MUSHA RINGUM DURAM DA? What do it mean??

I’m sure it’s been asked here before but of course a search yields nothing.

What is the translation of “MUSHA RINGUM DURAM DA” as it is sung in the traditional Irish/appalachian tune “Whiskey in the Jar?”

I guess this question presupposes that there is a translation. I wondered if it was some sort of misinterpretation of actual Gaelic.

Oh yeah, and what about the whole “Whack fol da daddy-o?”

Check out this looooong page .

And that’s just a little bit :smiley:

Yeah I saw that long winded post. Just wondering if there was any validity to it. That’s the only thing I’ve ever found that even gave a possibility of the meaning. Most sites say it means nothing at all.
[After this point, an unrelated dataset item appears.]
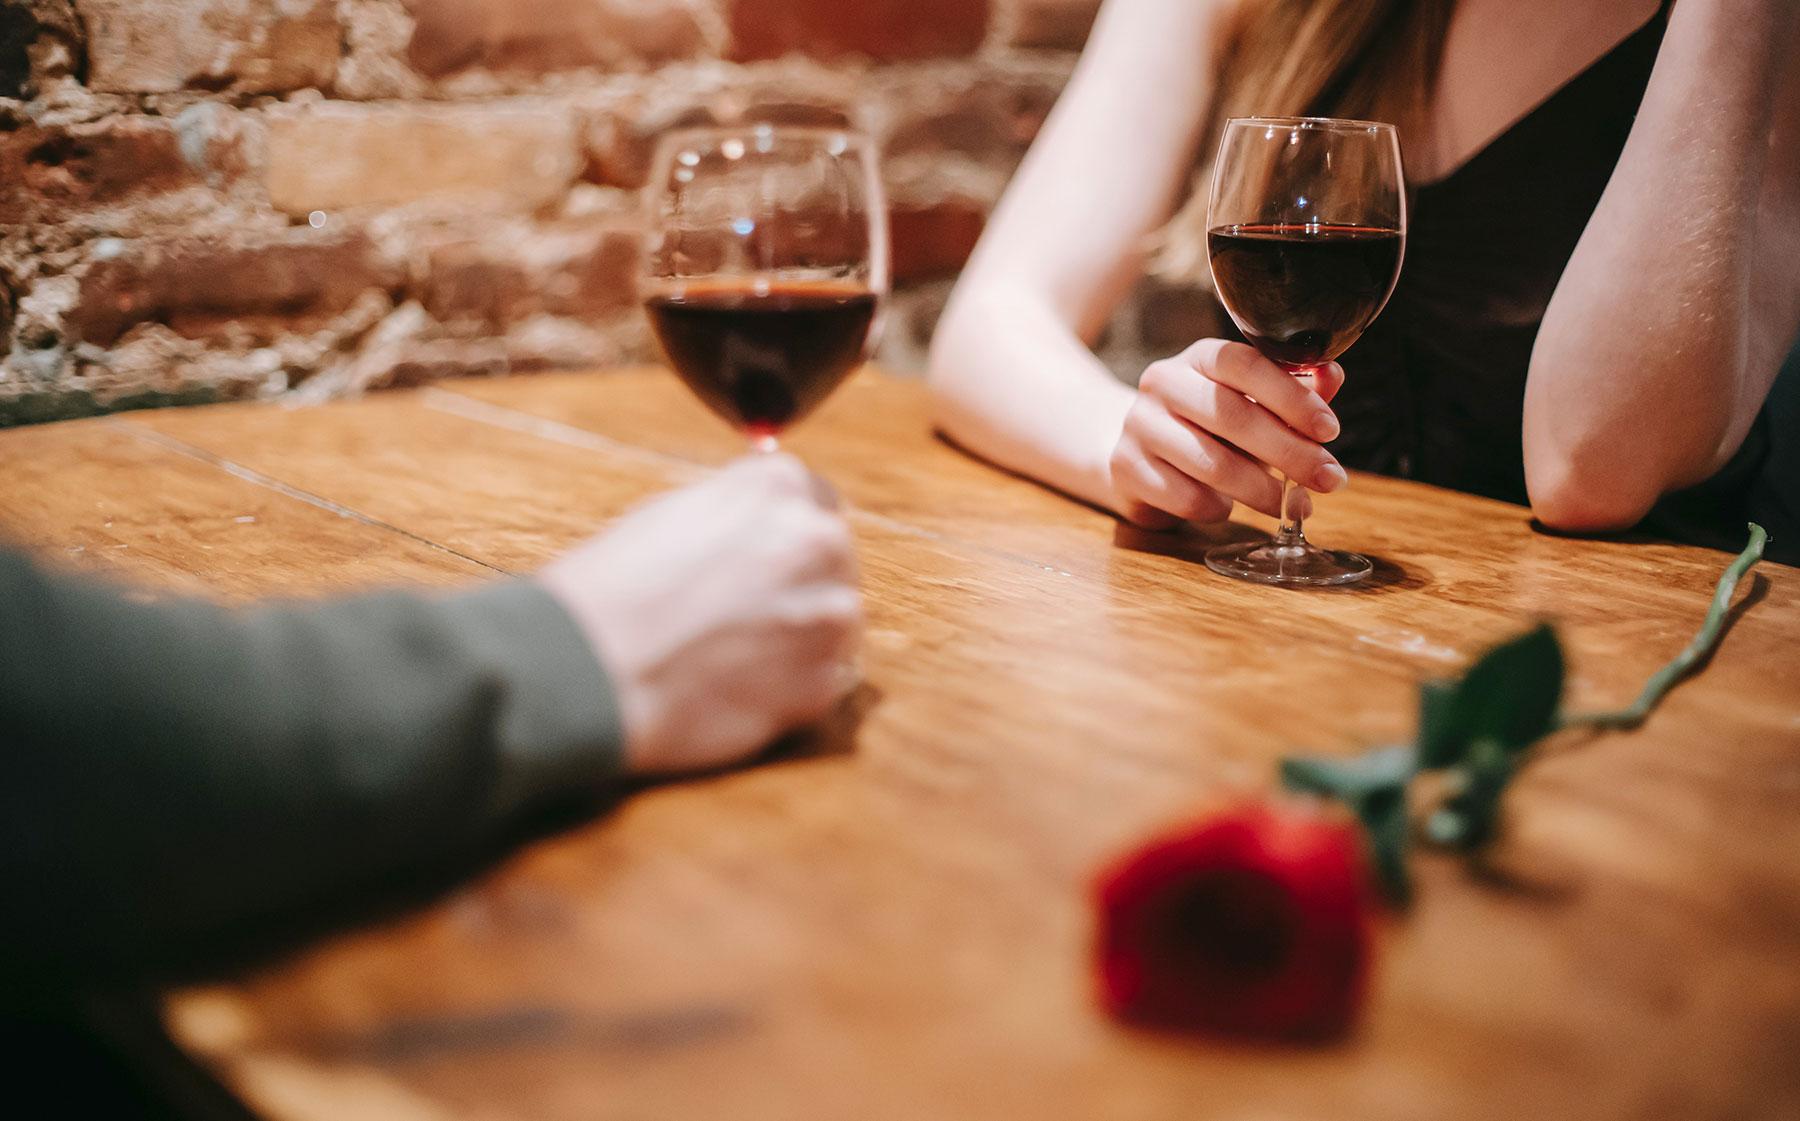 Algunos consejos para declarar el amor a esa persona especial

Shoot.

It’s not uncommon for folk songs to have parts that don’t fit all that well logically. Like “The Coo Coo Bird” has a verse about a bird, a couple of verses about a woman, a couple of verses about gambling. The verses usually sung to “Soldier’s Joy” are the same way.

There is an Irish tune called “Whiskey in the Jar” (my old standby The Fiddler’s Companion lists a G major reel with that title); my guess is that at some point words got set to it, and some of the words floated away and got attached to another song entirely, in this case an old ballad about a highwayman, and then that song passed through enough non-Irish-speaking ears and throats so that the Irish part got hopelessly mangled. The song that’s sometimes titled “Whiskey You’re the Devil” also has the “whiskey in the jar” line without the musha-ringa stuff but with a lot of skiddly-idle stuff. Do a Google search on the meaning of the chorus of “Iko Iko”/“Jock-o-Mo” and you realize that once a song in another language gets corrupted it’s hard to wind back the tape. It even happens to songs in English (look at the lyrics for most bluegrass versions of “Wildwood Flower” for an example).